-- MATERIAL FOR THIS EXERCISE --

═══

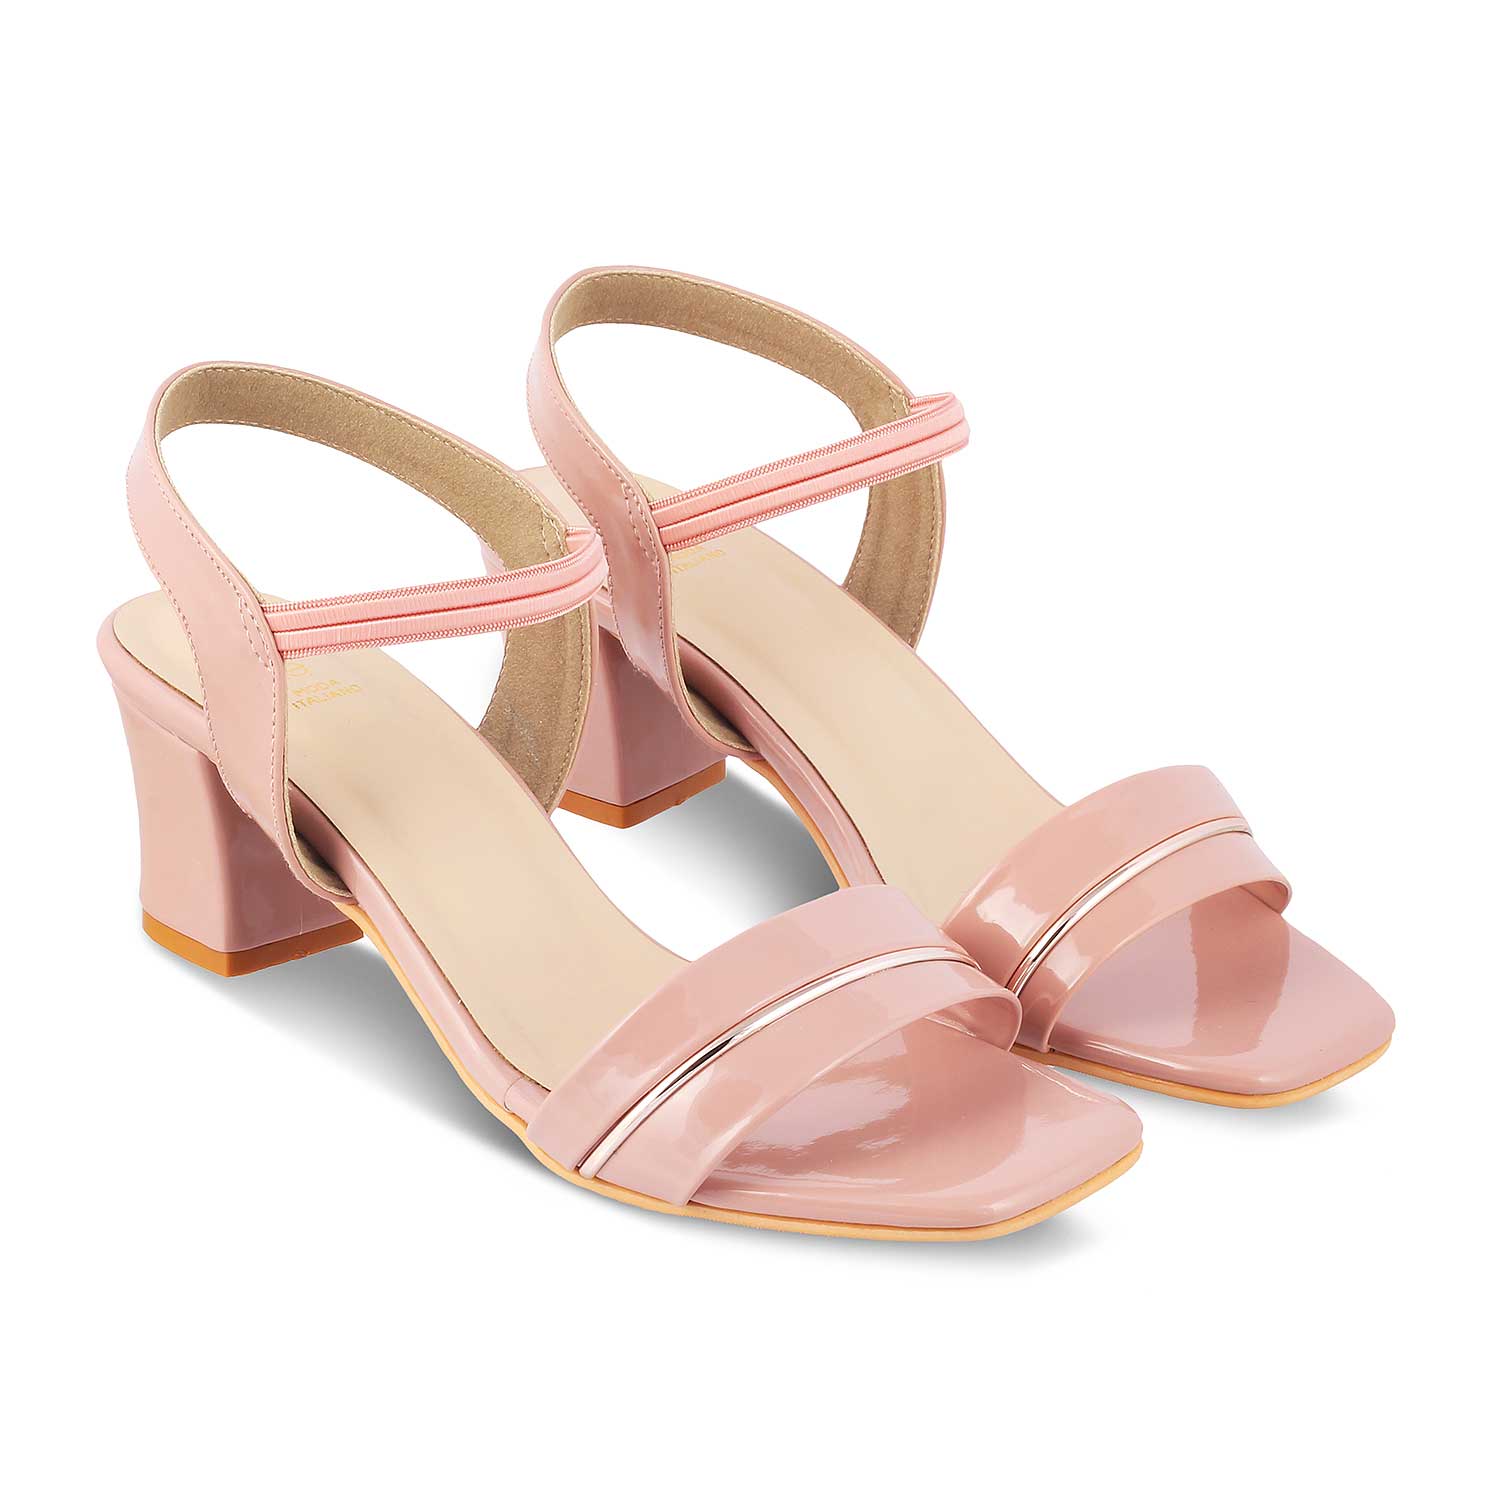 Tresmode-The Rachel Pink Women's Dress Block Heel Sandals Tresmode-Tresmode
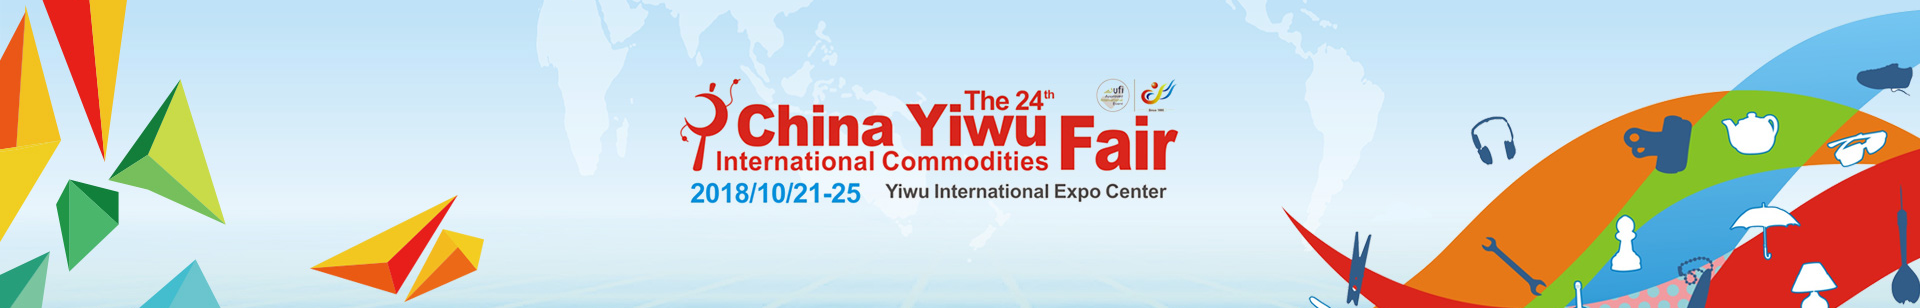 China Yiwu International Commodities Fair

═══

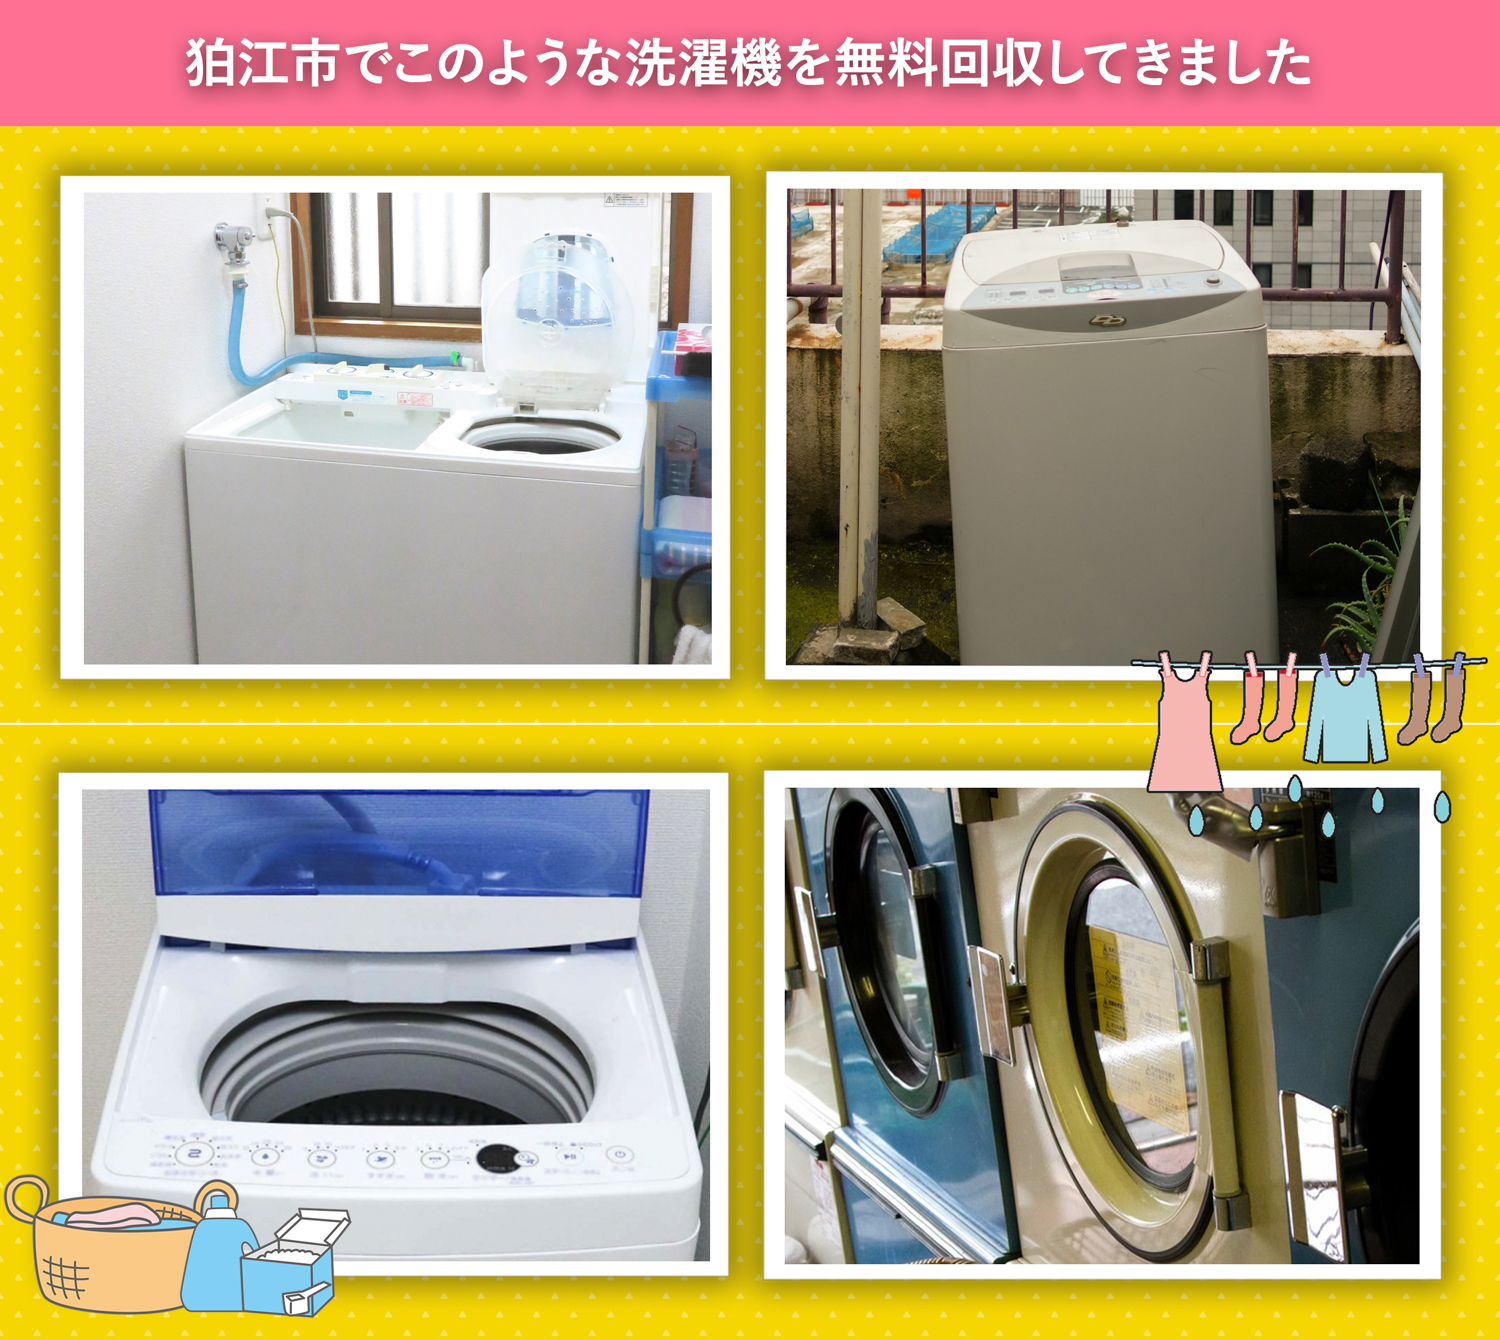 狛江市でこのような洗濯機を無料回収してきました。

═══

-- WORK REQUIRED --
Print, word for word, the lines above that run from the line containing "Tresmode-The Rachel Pink" to the line containing "China Yiwu International Commodities Fair", both included. Keep the pictures out.

-- ANSWER BOX --
 Tresmode-The Rachel Pink Women's Dress Block Heel Sandals Tresmode-Tresmode
 China Yiwu International Commodities Fair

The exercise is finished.